Le Metropolite Euloge a decrit, dans ses Memoires, comment il a fui la Revolution bolchevique avec l’autorisation du saint Patriarche Tikhon de subvenir – sans lien direct avec le siege patriarcal de Moscou. Encore fallait-il parvenir en Europe occidentale. La scene est piquante. Sur le chemin, l’idee lui vient de passer par L’viv. Il arrive avec le Metropolite Vladimir devant la cathedrale Saint Yuri pres de la residence du Metropolite Andre Sheptytsky. Ils frappent a la porte du monastere, entrent. Le secretaire du Metropolite de L’viv les reconnait et leur dit de quitter les lieux d’une maniere assez rude. C’est alors que le Metropolite Andre sort dans le jardin, les voit, les reconnait. Au grand etonnement des "fuyards", il les accueille avec empressement, les embrasse et les assure qu’ils sont chez eux et peuvent rester le temps qu’il leur faudra!  On peut faire des colloques sur le sens et le contre-sens, le non-sens de l’uniatisme et vice versa sur l’historicite de l’Orthodoxie… Il n’en reste pas moins vrai – en dehors de tout desir d’aborder cette question – que le Metropolite Euloge consacre de nombreuses pages a sa rencontre avec Andre Sheptytsky.
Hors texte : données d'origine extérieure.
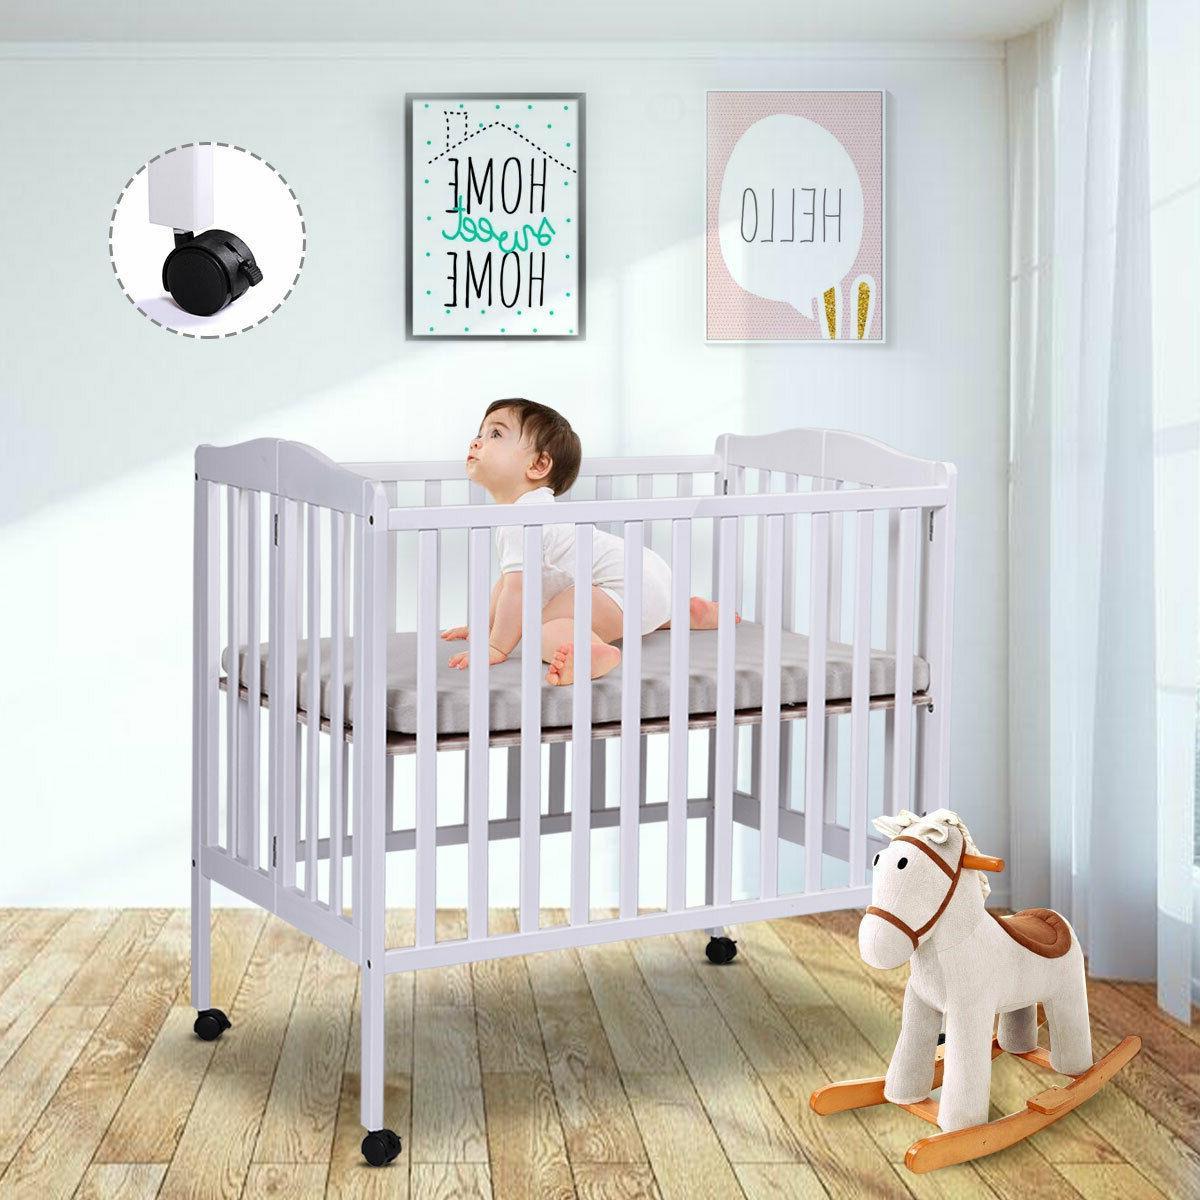 TOBBI-SAFE Nursery Bed Infant w/Mattress

Non seulement il leur a donne gite et nourriture decents. C’est grace a ses relations avec Clemenceau que le Metropolite Euloge a recu le laissez-passer pour traverser l’Europe, entrer et resider en France ou il a pu s’installer et commencer son ministere. L’Eglise est faite de bonte authentique et non de vengeances masquees de saintete.

Le Metropolite Euloge est tres honnete lorsqu’il decrit cet accueil et cette assistance recue de la part du prelat grec-catholique de L’viv. Ils avaient passe ensemble plusieurs jours a prier ensemble et le Metropolite Sheptytsky avaient explique aux hierarques orthodoxes Euloge et Vladimir la proximite de traditions brisees par une distanciation et des influences diverses mais normales en tout contexte humain.

Il m’est souvent arrive de rappeler ces trois figures du Christianisme, entre les cours que j’ai donne pendant plus de 15 ans en Europe occidentale, en particulier a l’Institut Saint Serge ou j’ai eu le privilege de prendre la suite du P. Kurt Hruby lors des Journees d’Etudes sur le Judaisme,.Et de developper ce theme pendant les longues annees d’enseignement a l’Ecole Cathedrale (Shoah, Sacrement de l’Ordre dans le Judaisme et le Christianisme); ou encore de l’exprimer par les ondes comme a Radio Notre-Dame (de maniere hebdomadaire "Paroles d’Evangile, Memorial d’Israel" et "Shabbat et Resurrection"). En Israel, aussi, dans le cadre du dernier seminaire "Datot" (Religions) donne le 31 decembre 1999 a l’Universite Hebraique, et dans maints groupes, lors de predications.

Je le dis souvent aux fideles que je rencontre mais aussi aux Israeliens en general. Et tout dernierement au Professeur Shimon Redlich qui, sans relache, insiste pour la reconnaissance par Yad VaShem (Centre du Memorial de la Deportation et de la Shoah a Jerusalem) d’Andre Sheptytsky comme "Juste des Nations": la situation de la societe israelienne presente des points communs tout-a-fait similaires a ce qui s’est produit dans une Ukraine tourmentee par la guerre civile, la revolution bolchevique, la prise du pouvoir des communistes, l’invasion nazie. Il faut alors repondre avec foi, justice et bonte reelle.

Il y a alors une sorte de "bilbul – בלבול" (de renversement incoherent, confusion). La sagesse des trois hommes, mais plus particulierement des Metropolites Euloge et Andre Sheptytsky est d’avoir su surmonter la tentation nationale et identitaire pour repondre avec une foi droite et belle. Cela est souvent tres difficile a accepter pour une generation en quete de sens et d’identite, de trace pertinent d’un espace culturel tout en gardant le cap sur la vision la plus ouverte.

C’est curieusement le sens de Purim. Etre sauve alors que beaucoup de choses – y compris le monde religieux – laisseraient penser que tout est perdu et que Dieu paraitrait absent. Or ne serait-ce pas nous qui nous esquivons a la bonte?